Writers. We write. And our tools are words. So, while contemplating this week’s blog post, I had the brilliant idea of writing about words and their definitions, using… words and their definitions. It’s almost perfect. If by “perfect” I mean “utterly confusing and almost entirely pointless.” So, anyway, a couple years ago, The New York Times compiled a list of the 50 words most likely to stump their own readers. Amazingly, “defenestrate” was not among them (if it had been, I would have defined it as “To demonstrate a specialty fencing technique often used to remove the fins of albacore tuna”). Unhelpfully, perhaps, they neglected to include definitions. Which is where I come in. Don’t get me wrong—this being the internet which, like nature, abhors a vacuum—somebody already came along and performed this admirable service, but I’m going to go one better. I will proceed to pick 13 of the 50 words, more or less at random, and provide not one but two definitions, one of which is the correct one and one which I made up out of whole cloth for no other reason than to be extremely annoying. And if you’re just as bored as me (woah, Cobain flash), you can follow along and expose me for the consummate liar I am. And since I’m also most likely stealing this whole idea from a board game or something, I’m a liar and a thief (lookit, another Cobain flash).

1. Nascent.

a) The act of saying no to the wearing of artificial fragrance. Smells like teen spirit? Uh-uh. Not a chance when we’re being all nascent.
b) Just coming into existence and beginning to display signs of future potential.

2. Hubris.

a) Excessive pride.
b) A type of cheese rendered from human fat. Illegal in most countries.

3. Jejune.

a) While reciting the months of the year, “jejune” is the act of stammering inexplicably over the summer months (see also, “Jejuly”).
b) Naïve, simple.

4. Profligacy.

a) Reckless extravagance; wastefulness.
b) The entire body of work left by an academic.

5. Austerity.

a) Sternness or severity of manner or attitude.
b) The quality of an upside down gaze, chiefly Aus.
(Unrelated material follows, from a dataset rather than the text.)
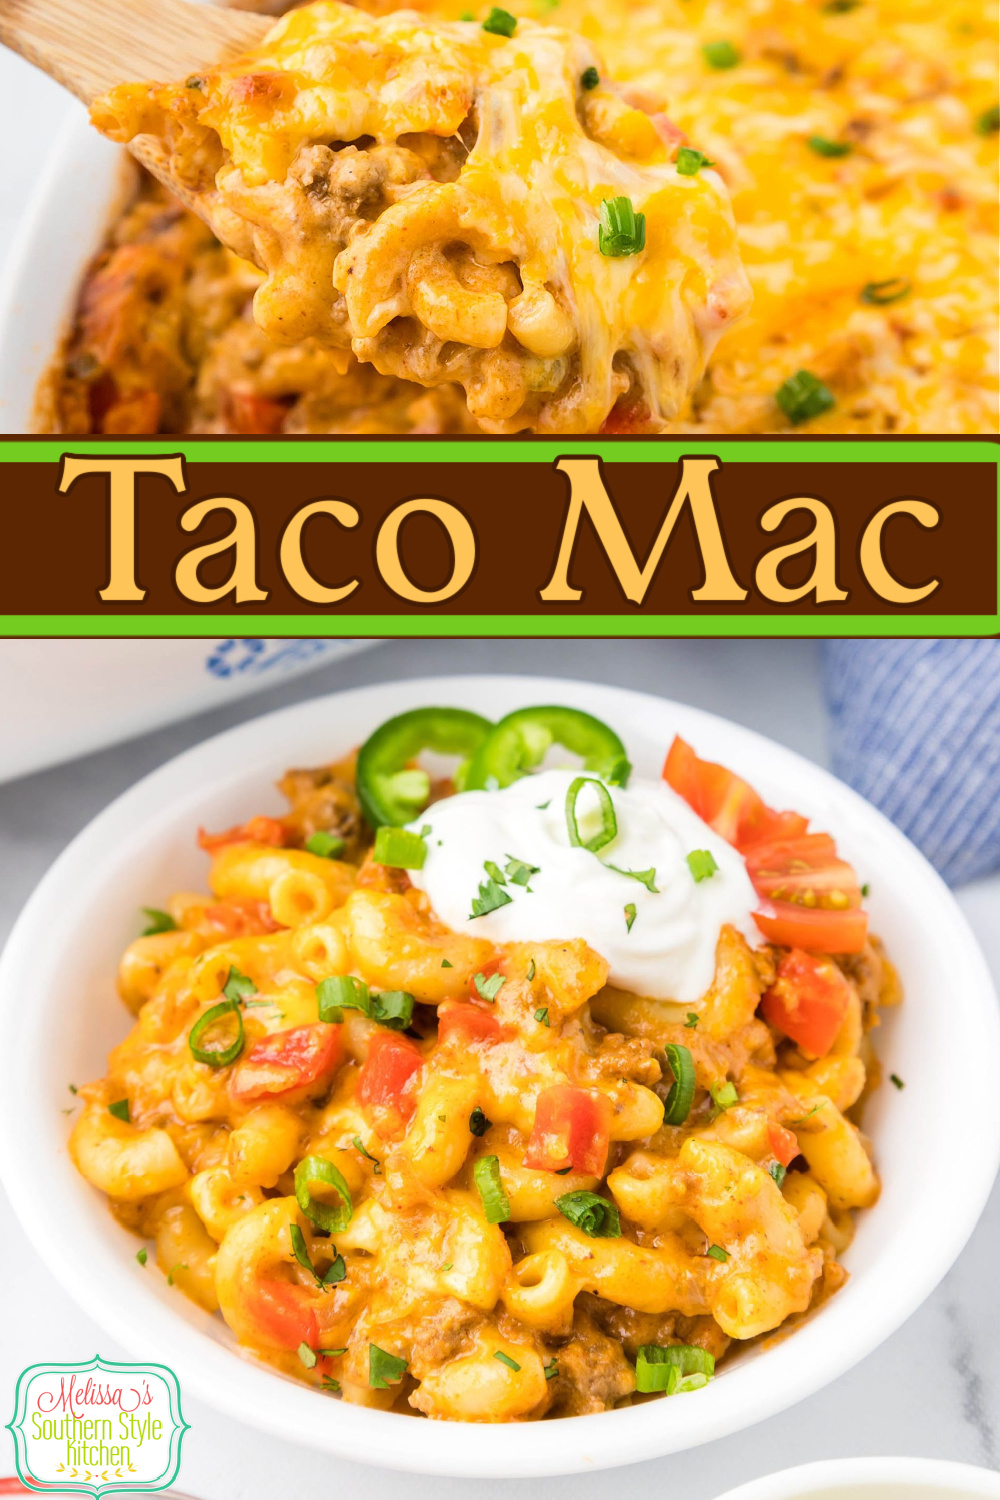 Treat the family to kicked up Taco Mac for supper #macaroni #macaroniandcheese #tacos #tacomac #tacorecipes #macandcheese #southernmacaroniandcheese #tacobeef #macaronicasserole via @melissasssk
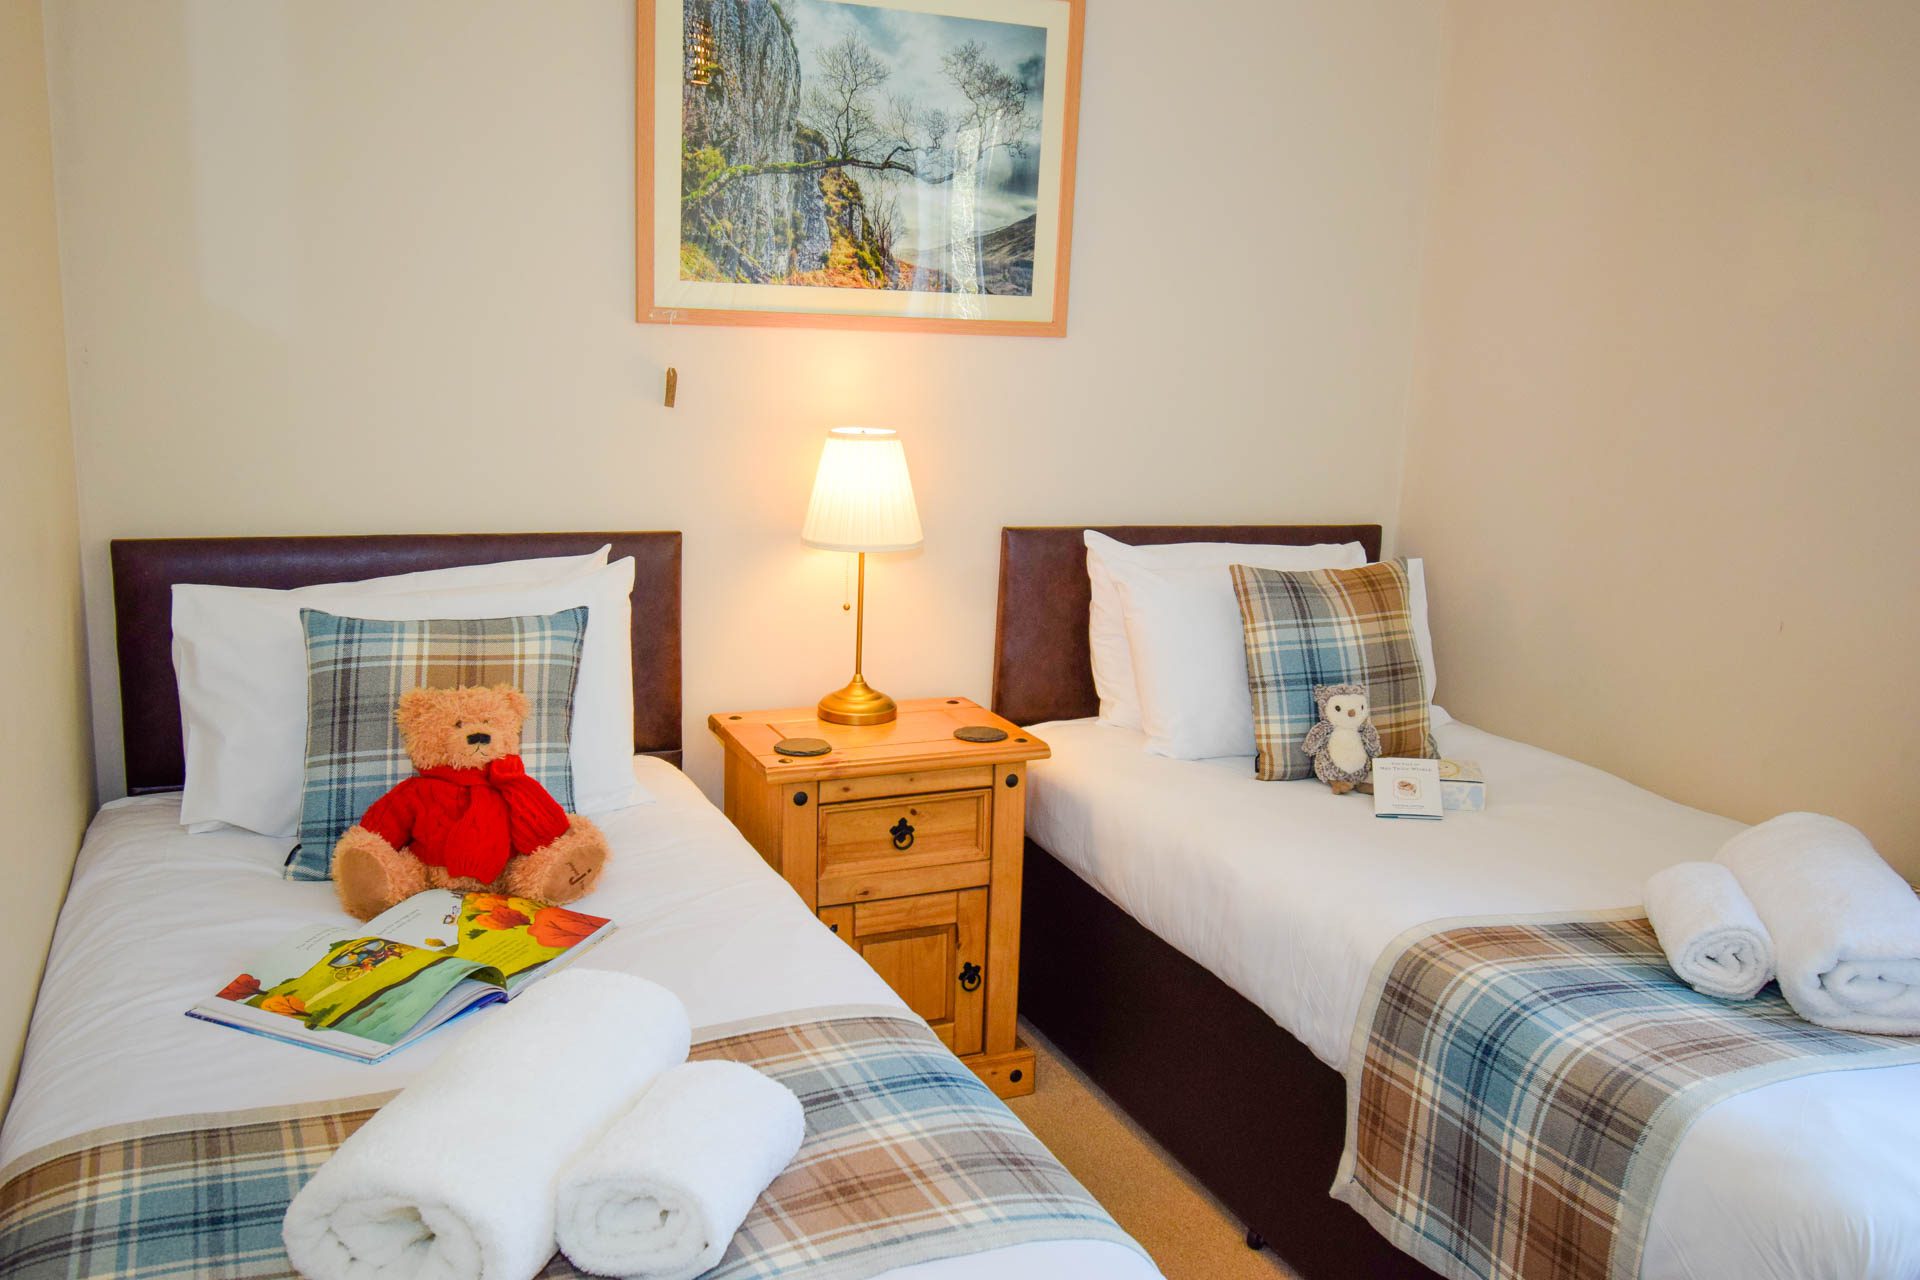 Birchbrae Highland Lodges offers family friendly self-catering accommodation near Glencoe & Fort William

Was coined during the 1956 Melbourne Olympics by tourists attempting to capture the peculiar way Australians stared at them and their touristy Northern Hemisphere ways.

6. Solipsistic.

a) The slightly desperate and certainly reckless act of slipping your own sister a sedative to shut her up after a long day of her pointing out how badly you suck at life.
b) The view or theory that the self is all that can be known to exist.

7. Redoubtable.

a) Formidable, esp. as an opponent.
b) Something so ludicrously implausible that you will not only doubt it, but you will return and doubt it again.

8. Obstreperous.

a) Noisy and difficult to control.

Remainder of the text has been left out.